WHAT YOU SHOULD DO -
Reproduce the data in full, exactly as given, leaving images out.

INFORMATION SHOWN -
|---|

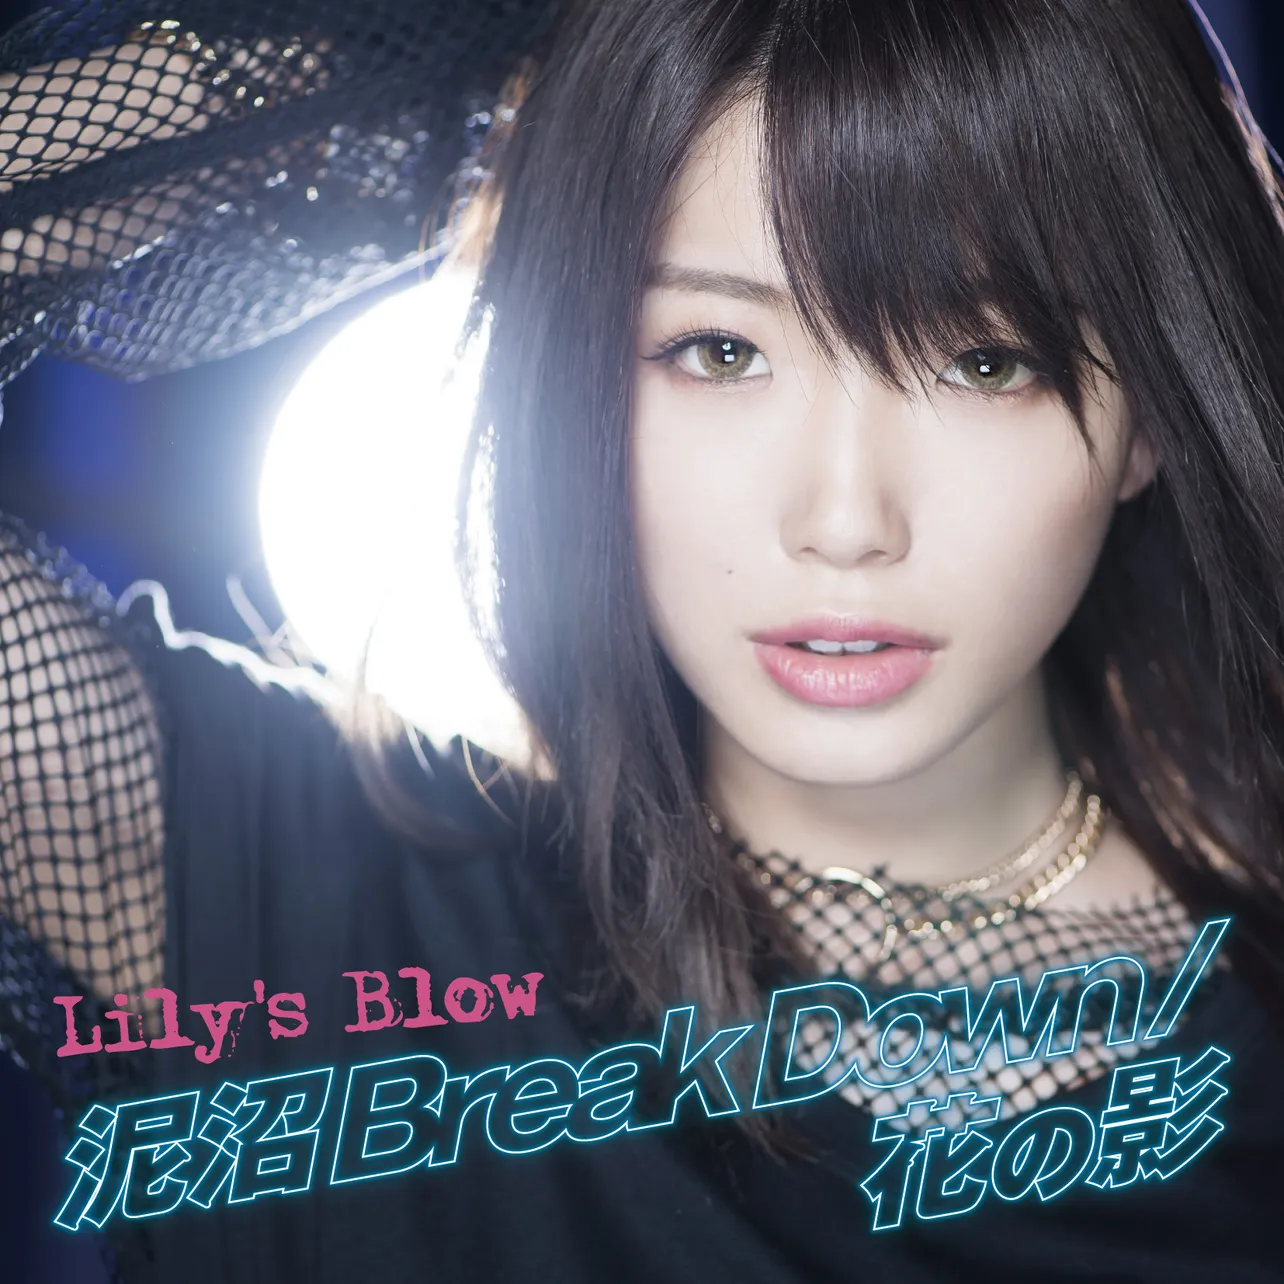 「泥沼 Break Down」は「真夜中のみつばち少女」(TOKYO MX)のオープニングテーマ
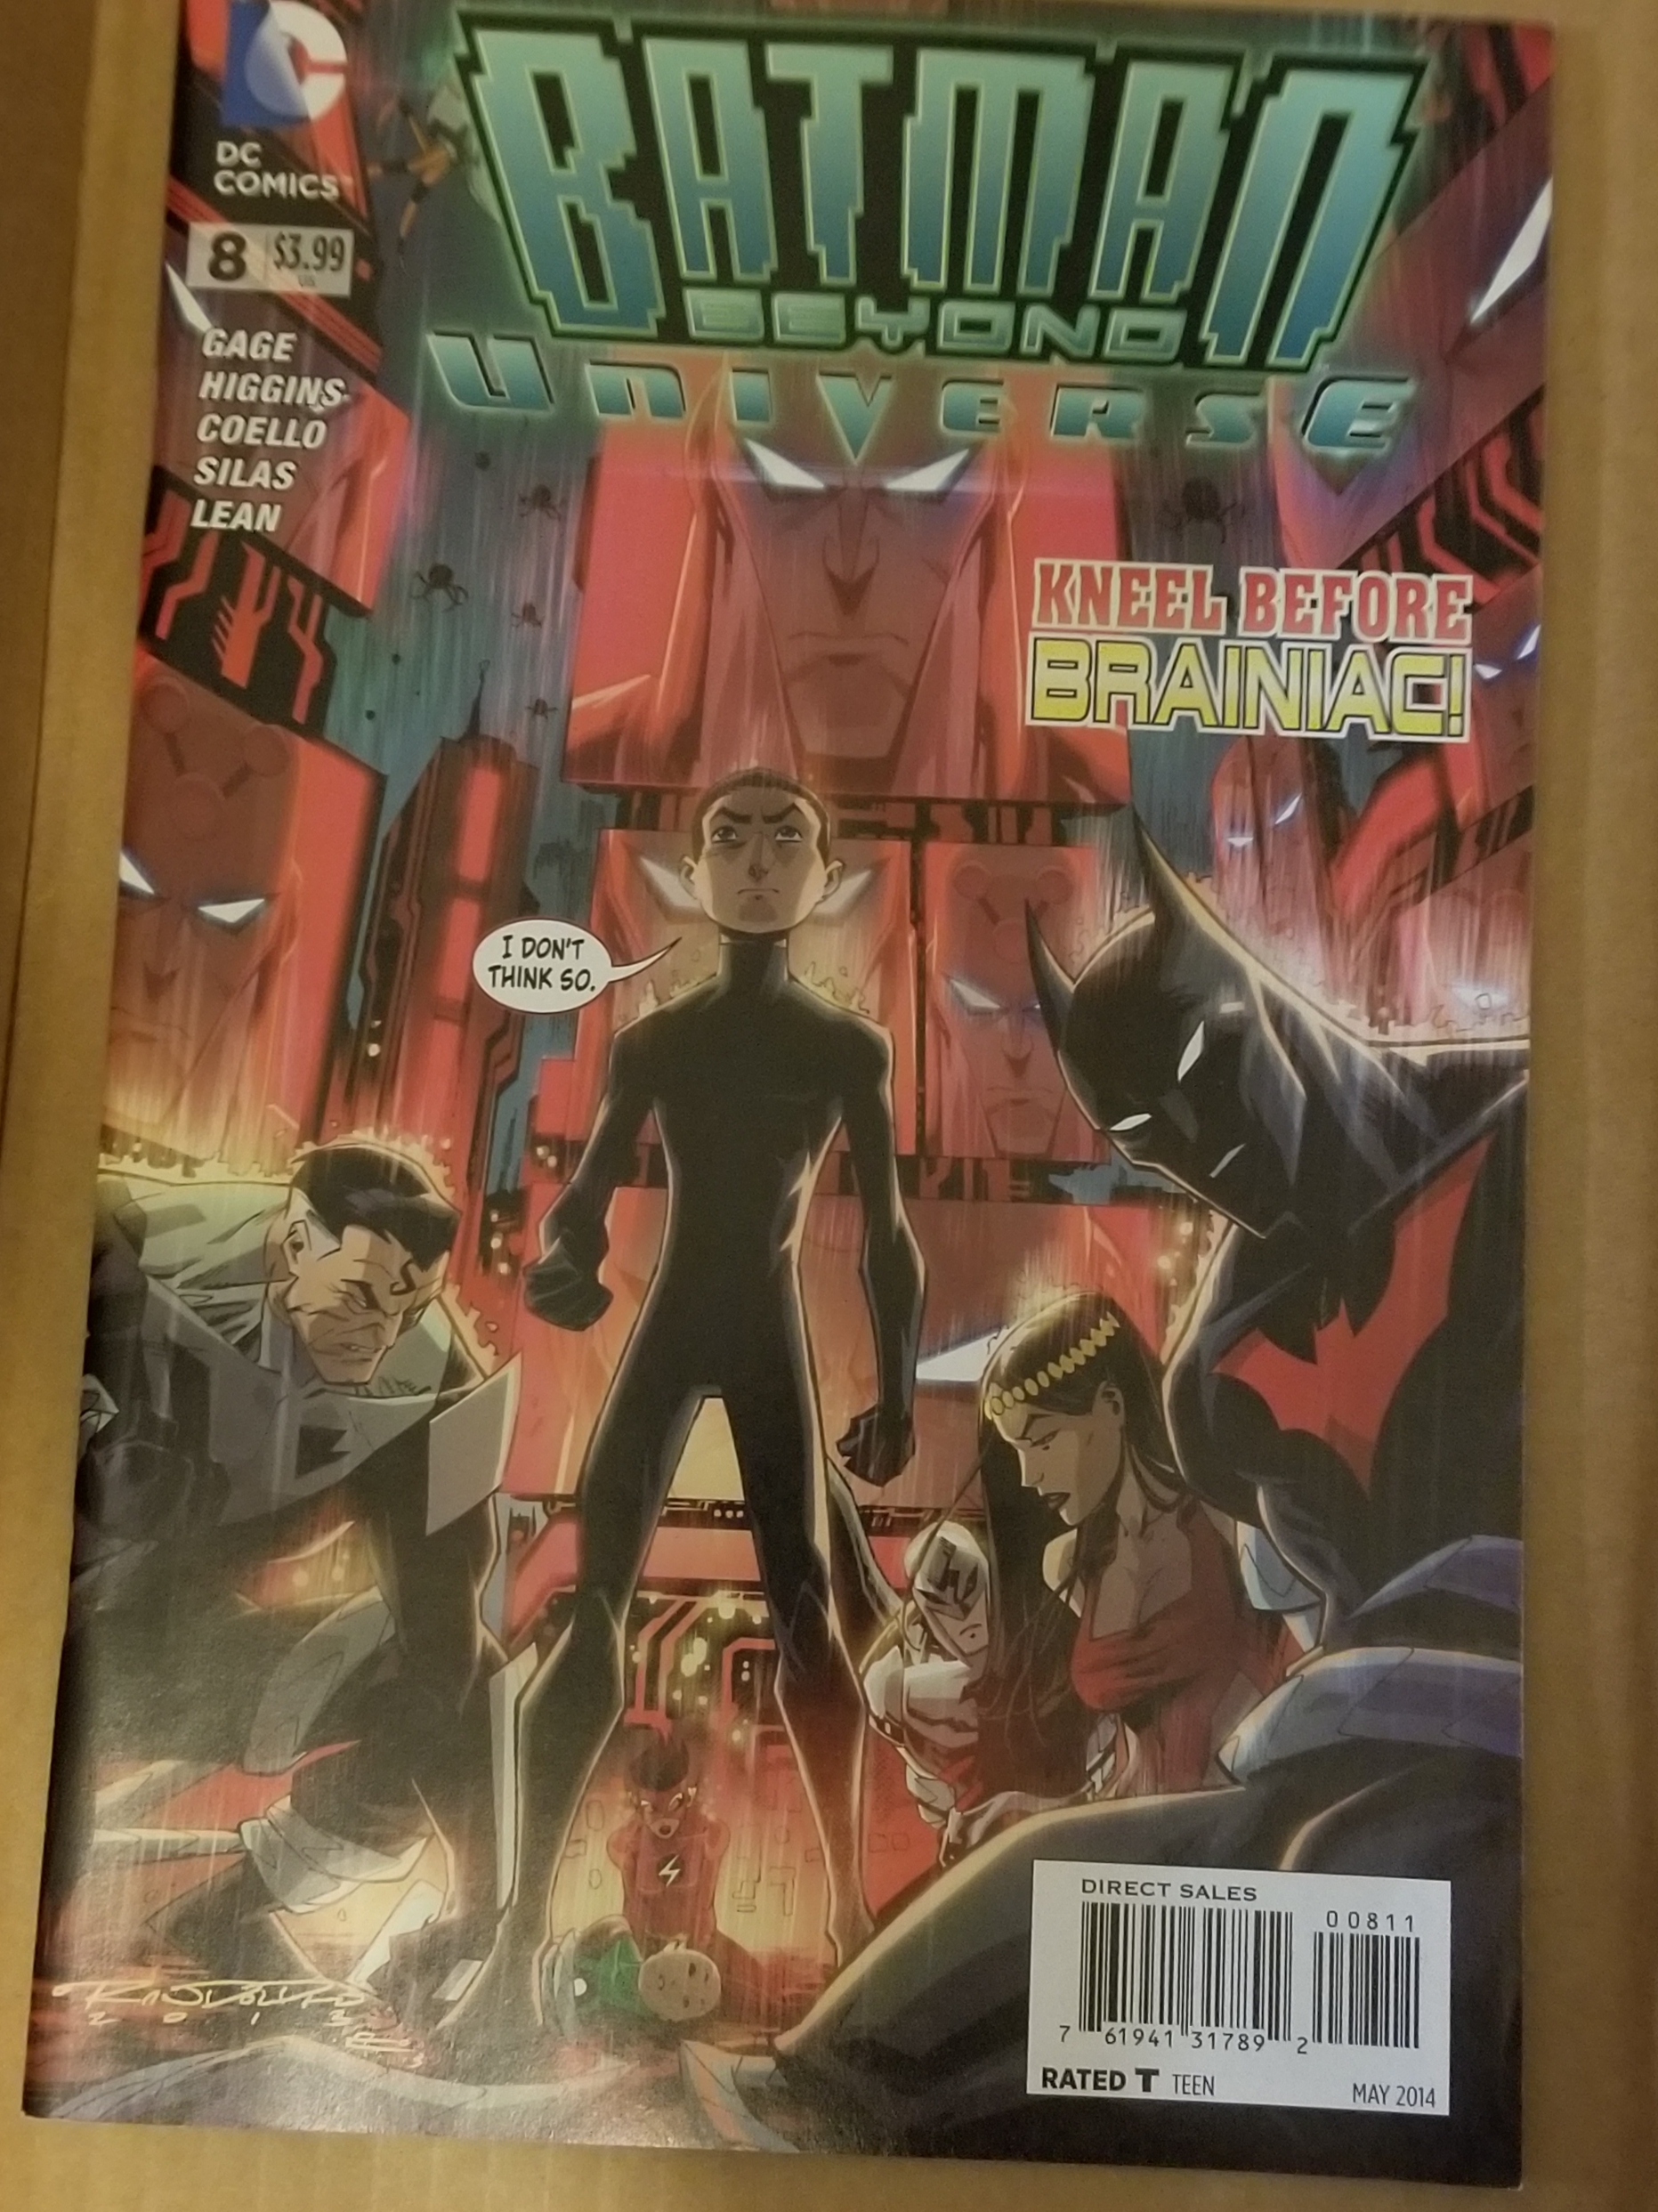 Batman Beyond Universe #8 | Comic Books - Modern Age, DC Comics, Batman,  Superhero / HipComic
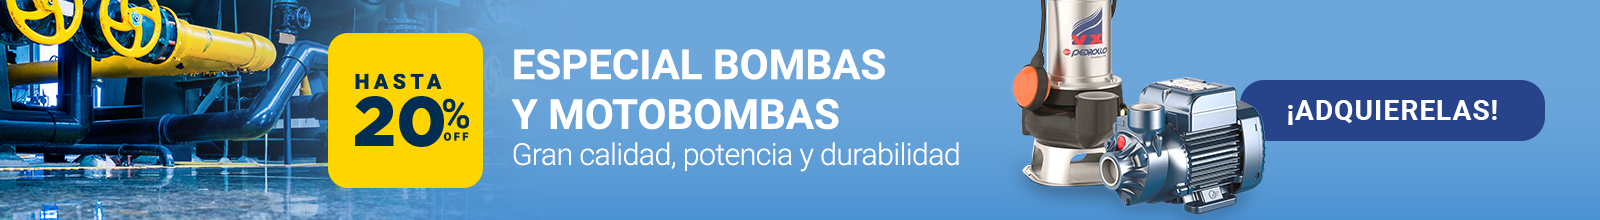 Bombas y Motobombas Hasta un 20% OFF

|---|

FINAL ANSWER -
 「泥沼 Break Down」は「真夜中のみつばち少女」(TOKYO MX)のオープニングテーマ
 Batman Beyond Universe #8 | Comic Books - Modern Age, DC Comics, Batman,  Superhero / HipComic
 Bombas y Motobombas Hasta un 20% OFF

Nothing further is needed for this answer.